# Veteran thinking about moving to Mexico?



## TurtleMD (Feb 26, 2016)

Hello, My name is Raphael. I'am a US Army Vet and have been thinking about relocating to Mexico. Does anyone have any helpful tips for me I.e. Housing/rent, safety, food, transportation, travel, nightlife. I'm on a fixed income budget due to my service connected disability. Thank you I appreciate your feedback ?


----------



## Isla Verde (Oct 19, 2011)

TurtleMD said:


> Hola! My name is Raphael, I'm from Maryland and plan on relocating to Mexico. I'm a US Army Vet(retired) and wanted to know the pros/cons for veterans living abroad in Mexico. I do not speak fluent Spanish, but will try to learn to adjust and adapt. Any tips on housing/rent, safety, travel/transportation, food, shopping, etc.


Hi, Raphael, and welcome to the Mexico Forum. I'm curious as to why you think that the pros and cons of living here would be different for a veteran as opposed to the rest of us expats.


----------



## TurtleMD (Feb 26, 2016)

Isla Verde said:


> TurtleMD said:
> 
> 
> > Hola! My name is Raphael, I'm from Maryland and plan on relocating to Mexico. I'm a US Army Vet(retired) and wanted to know the pros/cons for veterans living abroad in Mexico. I do not speak fluent Spanish, but will try to learn to adjust and adapt. Any tips on housing/rent, safety, travel/transportation, food, shopping, etc.
> ...


 I apologize I didn't mean any disrespect just trying get some info/feedback.


----------



## Isla Verde (Oct 19, 2011)

TurtleMD said:


> I apologize I didn't mean any disrespect just trying get some info/feedback.


It's nothing to do with disrespect, just curiosity. I don't see that being a US veteran would have anything to do with the ease or difficulty you might have if you decide to move to Mexico. 

By the way, you have made basically the same post three times, which will complicate your getting useful answers to your questions. If you don't mind, I'm going to move these posts of yours to the thread you started on the main forum.


----------



## TurtleMD (Feb 26, 2016)

I apologize for the mix up with my posts. Just trying to figure the site out. I want to do something different with my life and living abroad peaked my interest and I have always loved Mexico for its culture, warm weather, and history.


----------



## Isla Verde (Oct 19, 2011)

TurtleMD said:


> I apologize for the mix up with my posts. Just trying to figure the site out. I want to do something different with my life and living abroad peaked my interest and I have always loved Mexico for its culture, warm weather, and history.


No problem. That's one reason why we mods are here, to help new members figure out how the forum works.

Do you have any idea where you might want to live in Mexico?


----------



## TurtleMD (Feb 26, 2016)

Well that depends. I don't know where to begin. I've looked into Playa Del Carmen, I'm on a fixed income monthly of $800usd.


----------



## TundraGreen (Jul 15, 2010)

TurtleMD said:


> Hola! My name is Raphael, I'm from Maryland and plan on relocating to Mexico. I'm a US Army Vet(retired) and wanted to know the pros/cons for veterans living abroad in Mexico. I do not speak fluent Spanish, but will try to learn to adjust and adapt. Any tips on housing/rent, safety, travel/transportation, food, shopping, etc.


I don't know that living in Mexico is any different for veterans than it is for anyone else. If you live in a place with lots of US people there might be a group of them. I am a Vietnam vet, but only spent 1 year, 9 months and 21 days in the Army, a year of it in Vietnam. I don't generally identify myself as a vet since it was not a career for me, just the draft.


----------



## sparks (Jun 17, 2007)

TurtleMD said:


> Well that depends. I don't know where to begin. I've looked into Playa Del Carmen, I'm on a fixed income monthly of $800usd.

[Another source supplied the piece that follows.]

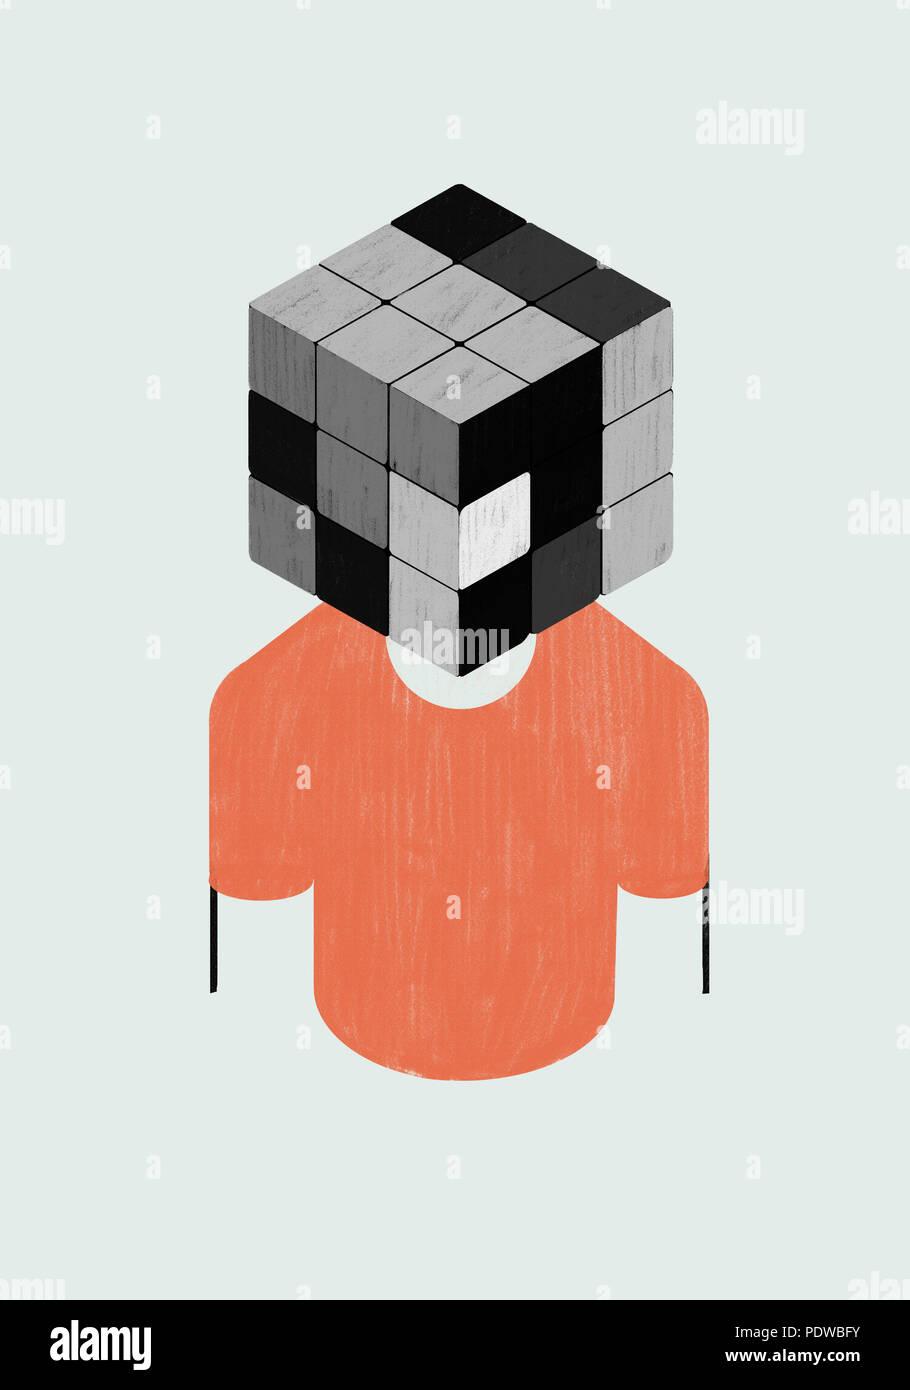 Psicología. Concepto metáfora de escala de grises. La mente como un cubo Rubik. Imagen De Stock

With only $800 a month you'd better be close to the US border because you won't qualify for a resident Visa. 180 day Tourist Permit is what you'll need


----------



## RVGRINGO (May 16, 2007)

You may also want to investigate places that are not as expensive, or hot and humid.


----------



## TJGUY (Jan 5, 2016)

TurtleMD said:


> Hello, My name is Raphael. I'am a US Army Vet and have been thinking about relocating to Mexico. Does anyone have any helpful tips for me I.e. Housing/rent, safety, food, transportation, travel, nightlife. I'm on a fixed income budget due to my service connected disability. Thank you I appreciate your feedback ?


Hi, Living on $800 a month is doable but not easy. If I were in your shoes this is what I would do. I would look into moving to Baja maybe Rosarito or the general area.
This will give you a chance to live in Mexico and get a feel for it. Also you are close to San Diego and they have a good VA hospital there for your medical needs. Not to mention Military bases if you still have privileges. Also if you needed to work you could do it here where as in South Mexico you could not. 
okay here you can find rents for $250 to $300 a month figure another $150 for utlilities. You see your money is going fast. I personally feel you need to work. I don't know what your disability is but at least here you could find work to supplement your income.Because you will only be surviving on what you make now and I would want do more than that. If you have any questions please ask them so you get the most info you can.
Regards


----------



## ClinSpan (Feb 26, 2016)

150 for utilities seems a bit overinflated, in my opinion. But of course, it would depend on your living style.


----------



## ClinSpan (Feb 26, 2016)

Also, it would be useful to ask for a rental contract/agreement in Pesos. If the landlord refuses - go somewhere else. The current exchange rate is about 18 pesos to 1 US dollar, and it can get much higher in the next months. Living in Mexico, we've seen the dollar jump up from 12 to 18 in about a year, literally.


----------



## Howler (Apr 22, 2013)

TurtleMD said:


> Hello, My name is Raphael. I'am a US Army Vet and have been thinking about relocating to Mexico. Does anyone have any helpful tips for me I.e. Housing/rent, safety, food, transportation, travel, nightlife. I'm on a fixed income budget due to my service connected disability. Thank you I appreciate your feedback ?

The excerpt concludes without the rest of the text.